There are solar battles blazing all across the West right now, as utilities anchored to fossil fuel power plants strain to avoid the inevitable spread of solar across their areas of operation.
Not a month goes by without a story of some assault on solar-friendly policies by utilities or by the utility commissions that are often in their pocket.
During the holidays at the end of 2015, it was Nevada’s utter dismembering of its net metering policy. Nevada is—or was—one of 42 states that offered net metering, a program through which customers with solar arrays are compensated for the energy they produce on their rooftops or in small installations connected to the electric grid.

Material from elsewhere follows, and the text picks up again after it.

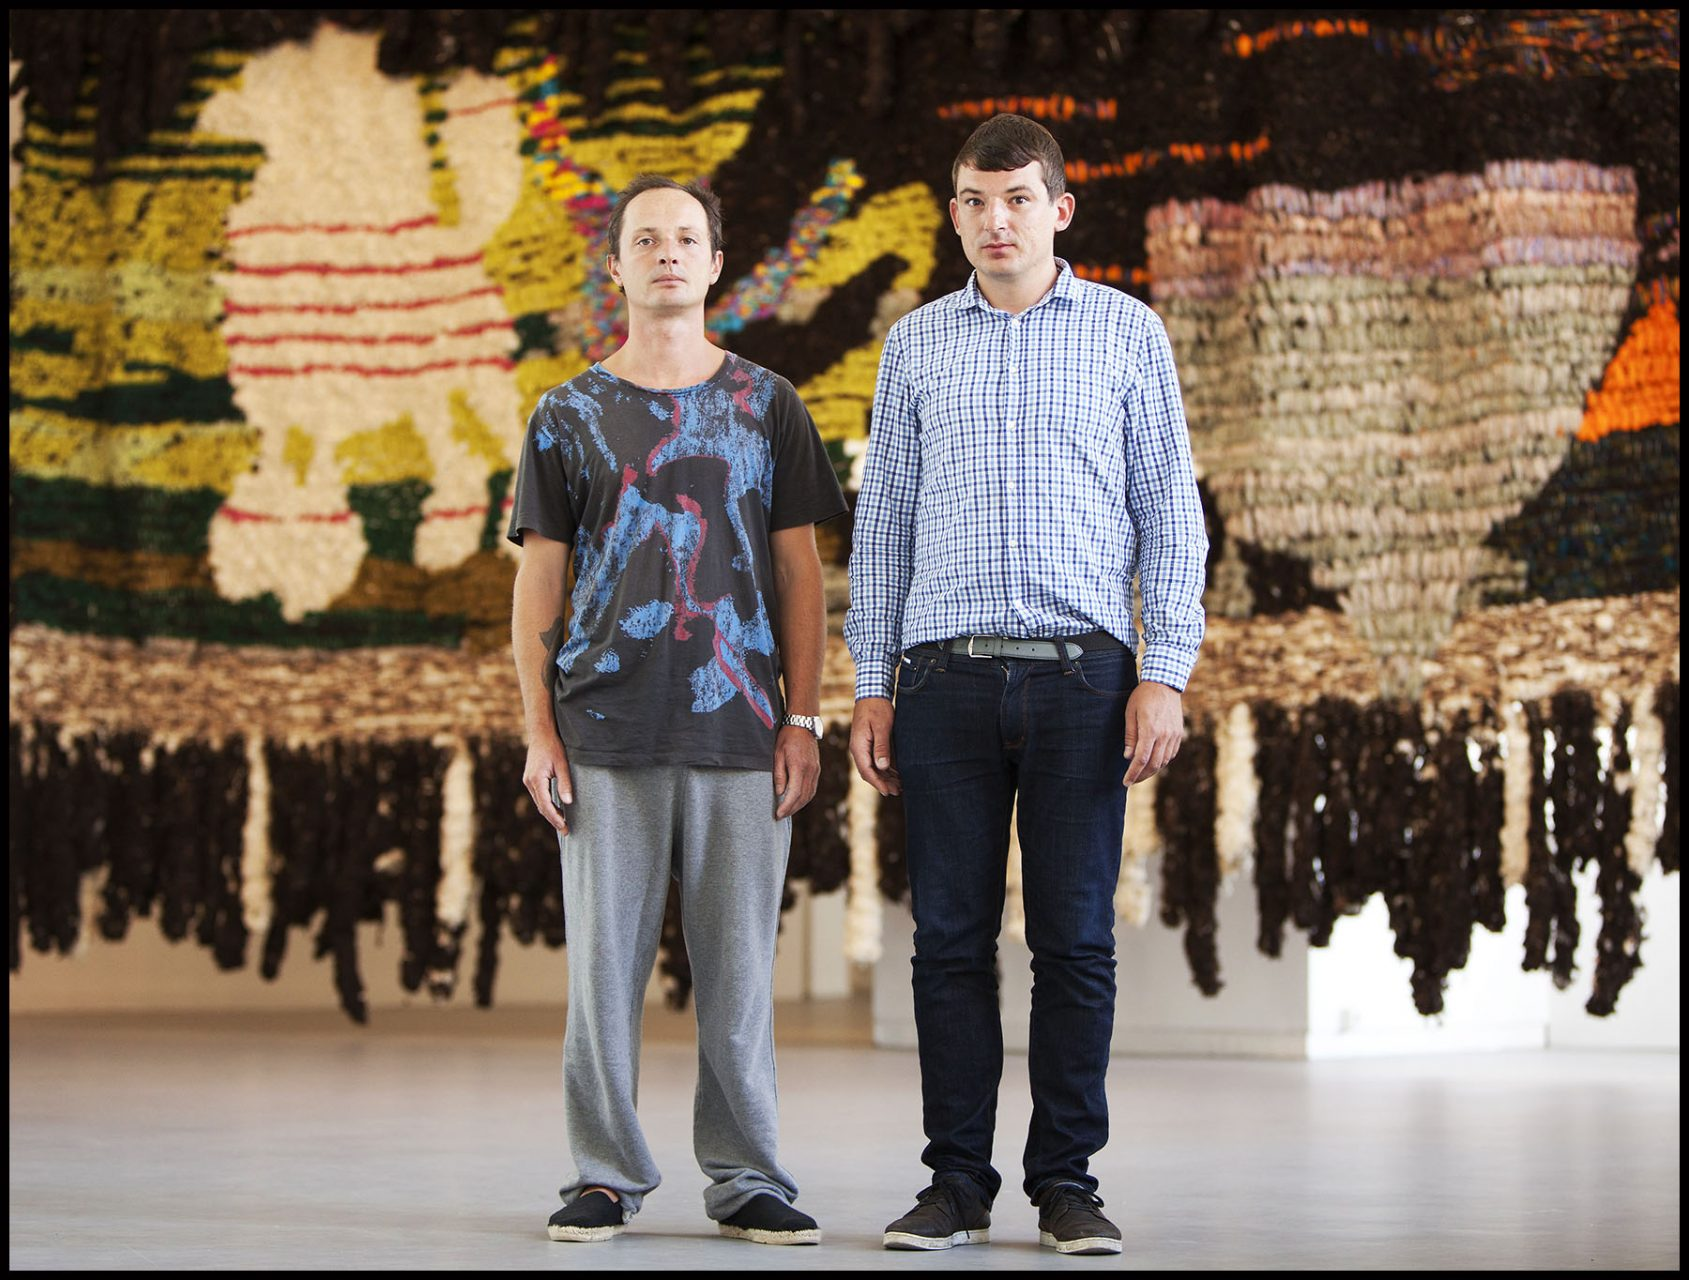 Gregory Gicquel et Daniel DEWAR, artistes plasticiens

NV Energy Inc. unleashed this full frontal attack on the program that—in one quick vote of three unelected commissioners—pulled the rug out from under 17,000 solar customers and eviscerated at least 8,000 solar jobs. And the Public Utilities Commission of Nevada (PUCN) was happy to oblige.
Nevada has the highest number of solar jobs per capita in the U.S., but for how long?

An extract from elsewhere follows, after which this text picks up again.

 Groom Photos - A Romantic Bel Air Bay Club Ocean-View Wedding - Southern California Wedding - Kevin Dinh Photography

As Nevada’s PUCN invited this “solar black hole” over one of the nation’s sunniest states, many pointed out how NV Energy fought tooth and nail against the successful net metering plan and ultimately secured its demise.
NV Energy, the state’s largest utility, is a subsidiary of Warren Buffett’s Berkshire Hathaway Energy. This net metering battle was high profile.

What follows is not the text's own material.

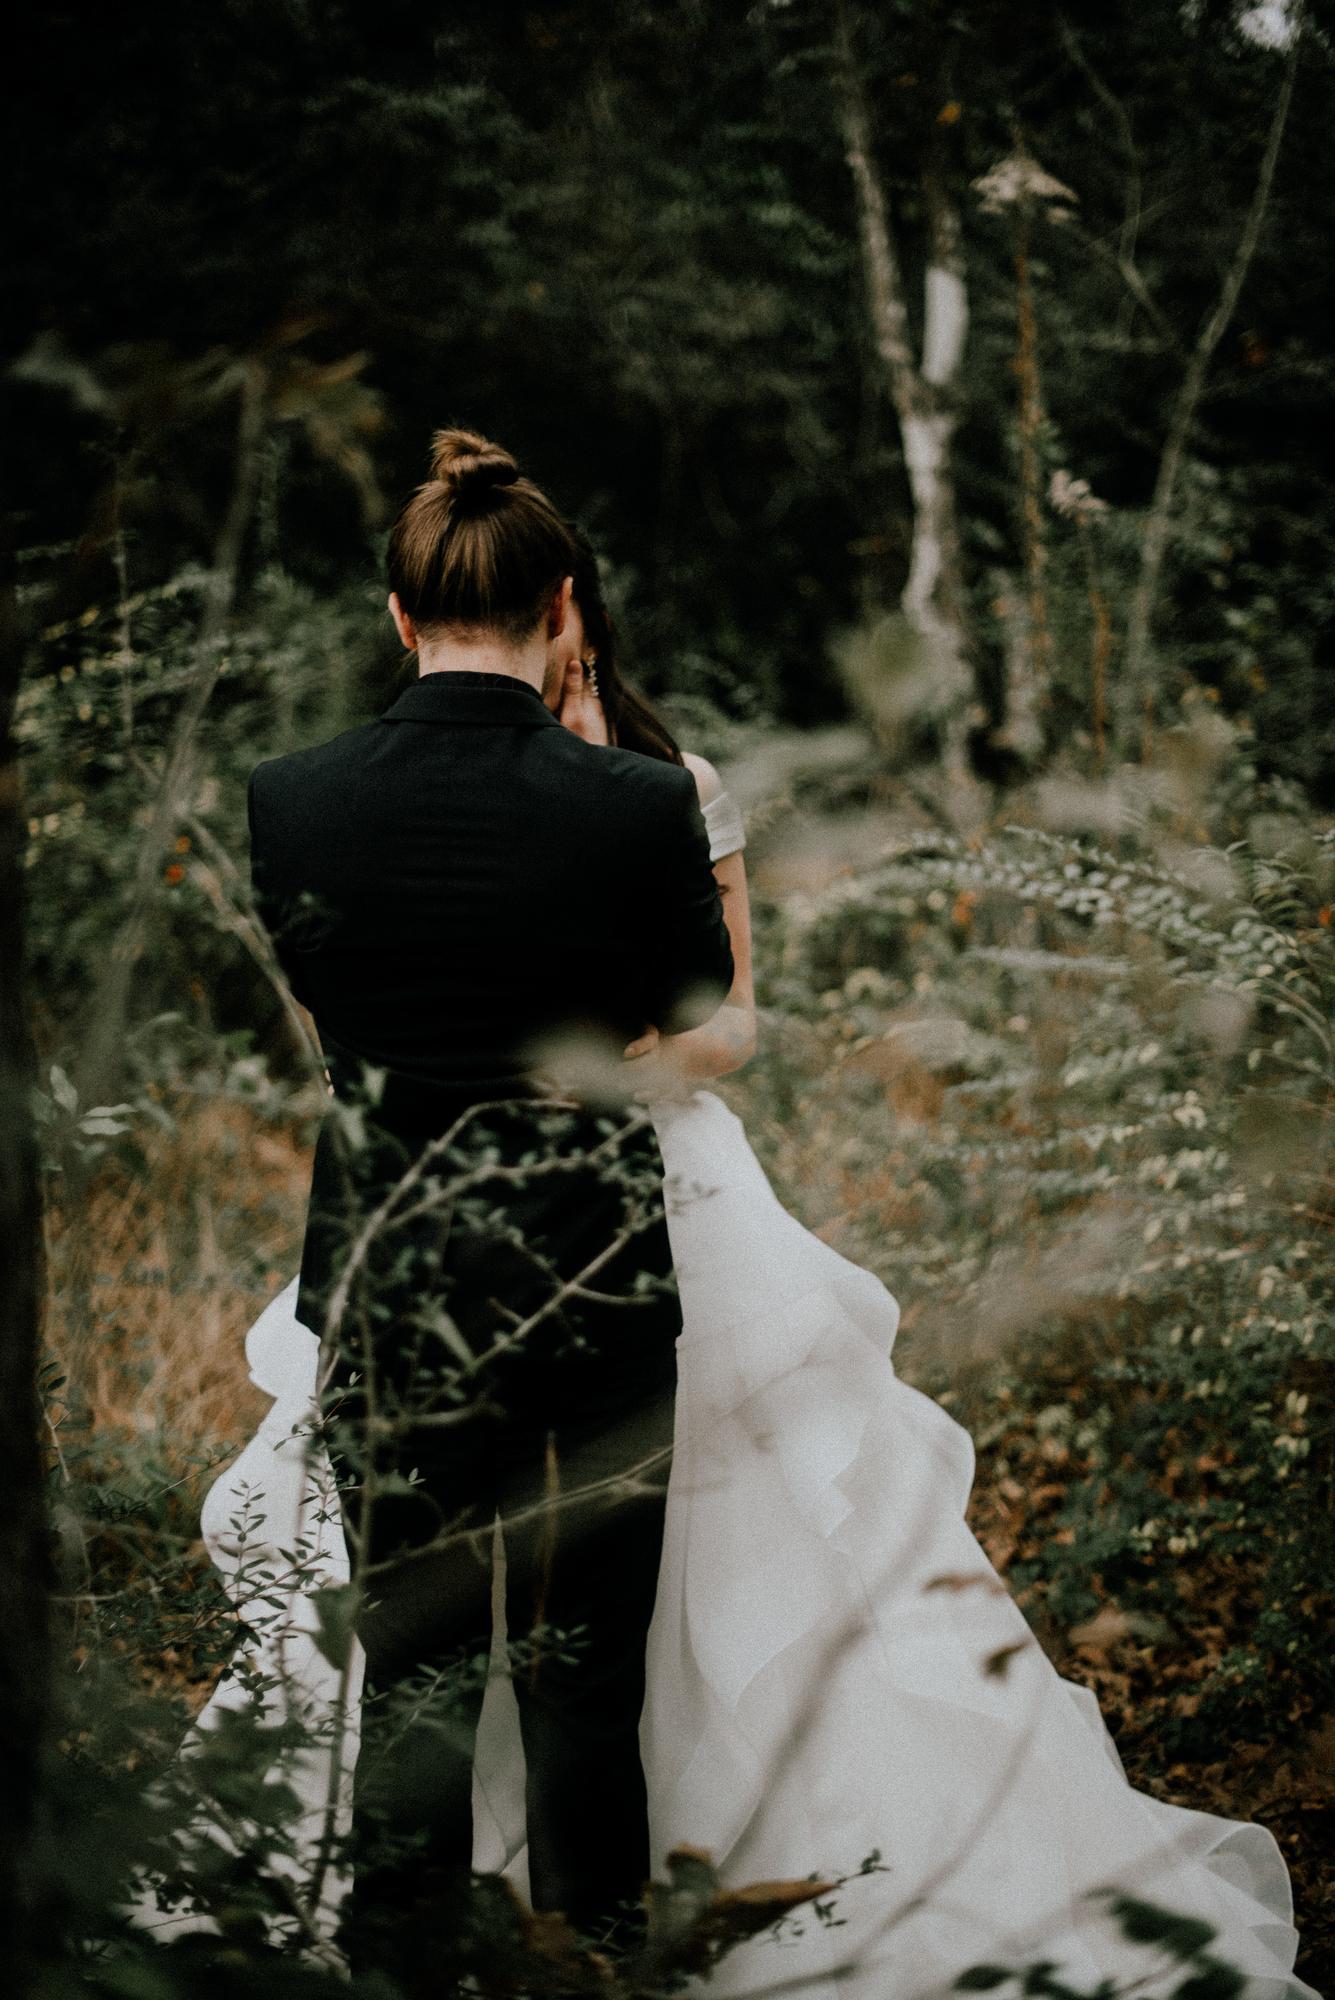 ofRen_weddingPhotos027.JPG

— Amanda *$ (@Starbuck) December 23, 2015
But this is far from the only move Buffett is making against solar. In Utah, Rocky Mountain Power—a division of PacifiCorp, which is a fully-owned subsidiary of … you guessed it … Berkshire Hathaway Energy—proposed a charge for solar net metering customers similar to that which passed in Nevada. The Utah Public Service Commission voted that proposal down.
There’s a decent bit of spotlight on the net metering battles, but Buffett’s holdings are actively engaged in a quieter war on another solar front.
Yet just last year, Berkshire Hathaway Energy signed President Obama’s Climate Commitment, pledging to “lead on climate action.”
PURPA: “The Backdoor Solar Answer Out West”
At issue is a relatively little known federal statute that has been a huge boon to solar development around the country and especially in the big Western states. It’s called PURPA or the Public Utility Regulatory Policies Act and it basically ensures that renewable generating facilities of a certain size (up to 80 megawatts; the projects that fit these conditions are called Qualifying Facilities or QFs) can sell their power to utilities for a certain fair price. That price is called the “avoided cost rate” in utility-speak and is basically what the utility would have had to pay for the same amount of power from another source or to generate it itself.
Problem is, utilities would rather generate the power themselves because they get a better return on those power plants that they own. Utilities don’t want to be told they have to enter into long term contracts with outside developers, even if the cost of the power is the same as what they would pay to generate it themselves.
But that’s what PURPA does. By mandating that the utilities approve these long term contracts with medium-scale solar and wind projects, the act has historically allowed a renewable energy developer to lock in a 15 to 20-year contract, providing the stability that secures the financing.
This security has helped hundreds of solar and wind projects plug into the grid. PURPA helped usher in the mini wind power boom in the early 1980s and, over the past decade, it has helped bring thousands of megawatts of wind online all across the West. Lately, solar is lining up in the queue to plug into PURPA contracts.
The Union of Concerned Scientists has gone so far as to call PURPA “the most effective single measure in promoting renewable energy” and a UBS Securities report recently called PURPA, “The Backdoor Solar Answer Out West.”
Look no further than Utah: a state that is dominated by coal-fired generation and that has no renewable portfolio standard. And a state where one company alone, SunEdison, has quickly built more than 700 megawatts of solar in a few short years.